By: Andrew Patrick
Blog Category: Racial Implications of Recent Supreme Court Decisions
The recent United States Supreme Court decision in Fisher v. University of Texas at Austin did little to clear up the issues surrounding affirmative action’s role in the higher education admission process. The case involved a challenge to the University of Texas at Austin’s (“University”) undergraduate admission process, which considered potential applicant’s race. The Petitioner, a white female, sued the University after being denied admission alleging that the consideration of race in the admissions process violated the Equal Protection Clause. The 7-1 decision vacated the judgment of the Court of Appeals holding that the lower court failed to correctly apply the “strict scrutiny standard” consistent with precedent.

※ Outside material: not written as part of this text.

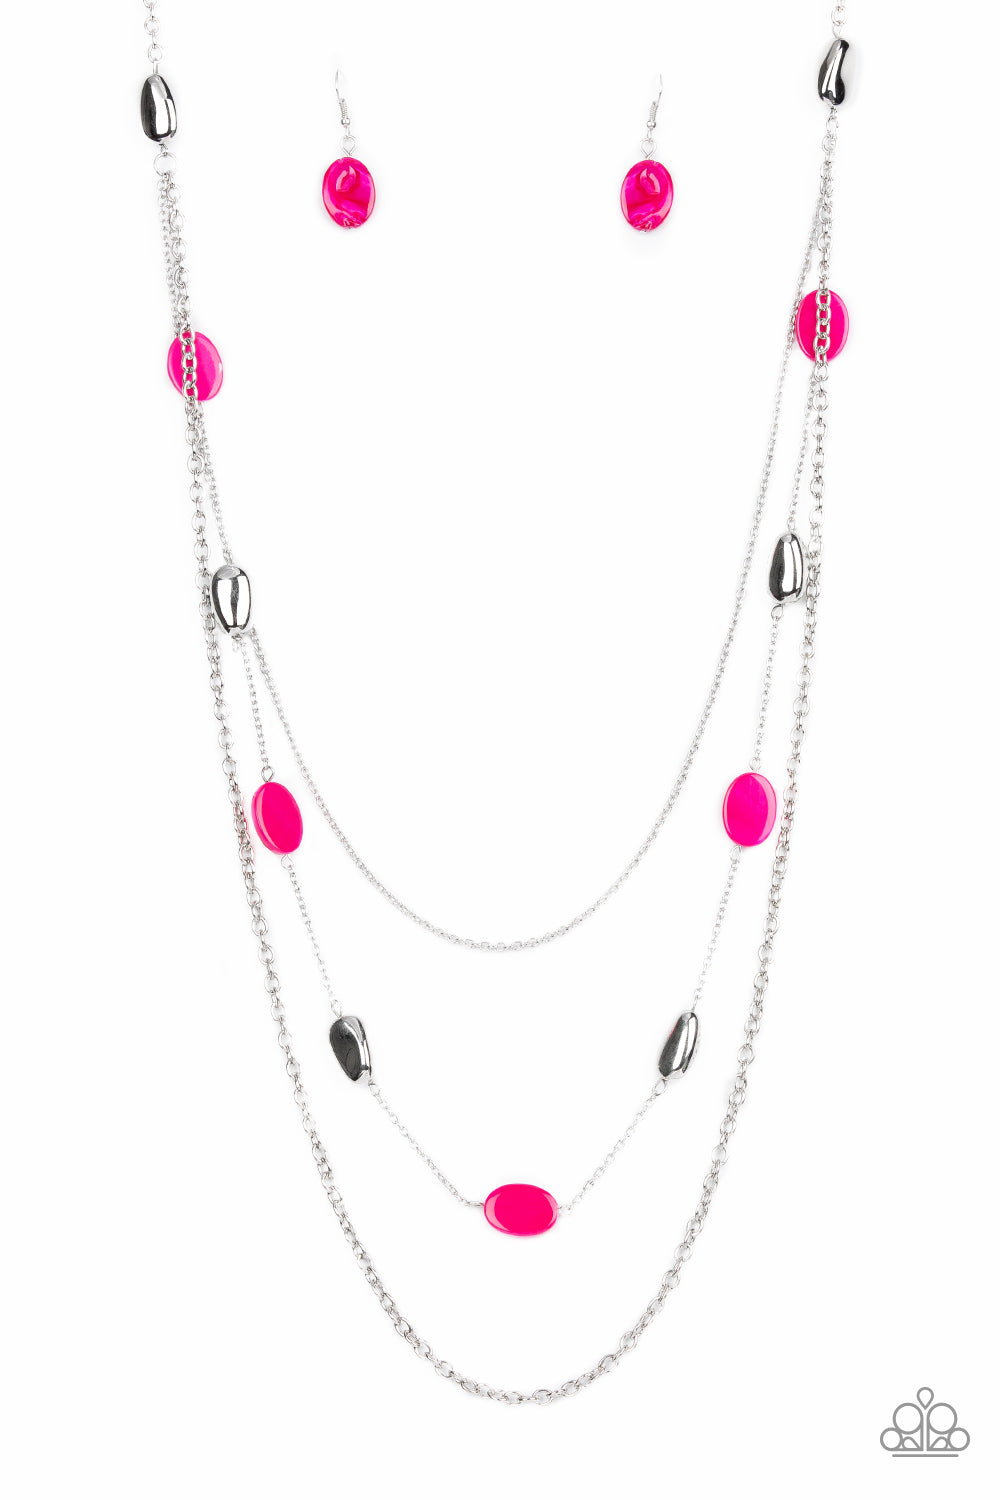 Barefoot and Beachbound - Pink Necklace - Paparazzi Accessories
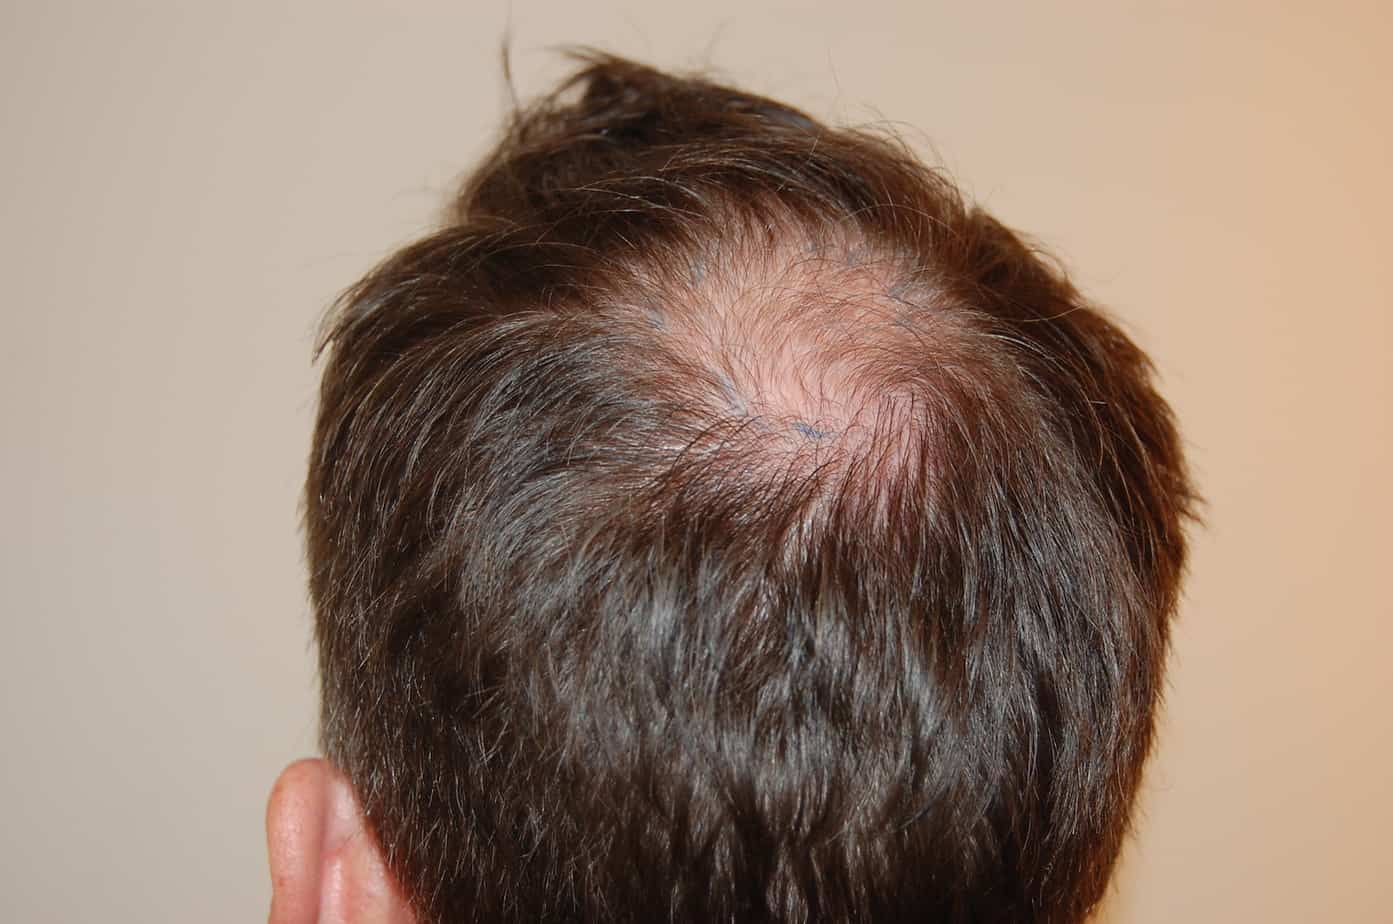 How Much Does A Crown Hair Transplant Cost?

The opinion authored by Justice Kennedy indicated that the Fifth Circuit did not make an “independent searching examination,” which was essential in determining whether the University’s affirmative action plan was narrowly tailored. The University had the burden of showing that there were “no workable race-neutral alternatives [which] would produce the educational benefits of diversity.” The Court of Appeals mistakenly gave deference to the University’s judgment with respect to the means of achieving the compelling interest of diversity. The case was remanded to the lower court where the University will be required to demonstrate that their admission process is in fact narrowly tailored to achieving the educational benefits of diversity.
Going forward, this decision imposes a significant evidentiary burden on educational institutions that consider racial classifications in the admissions process. Universities will be required to “demonstrat[e], before turning to racial classification, that available, workable race-neutral alternatives do not suffice.”
Fisher v. University of Texas at Austin, 132 S.Ct. 2411 (2013).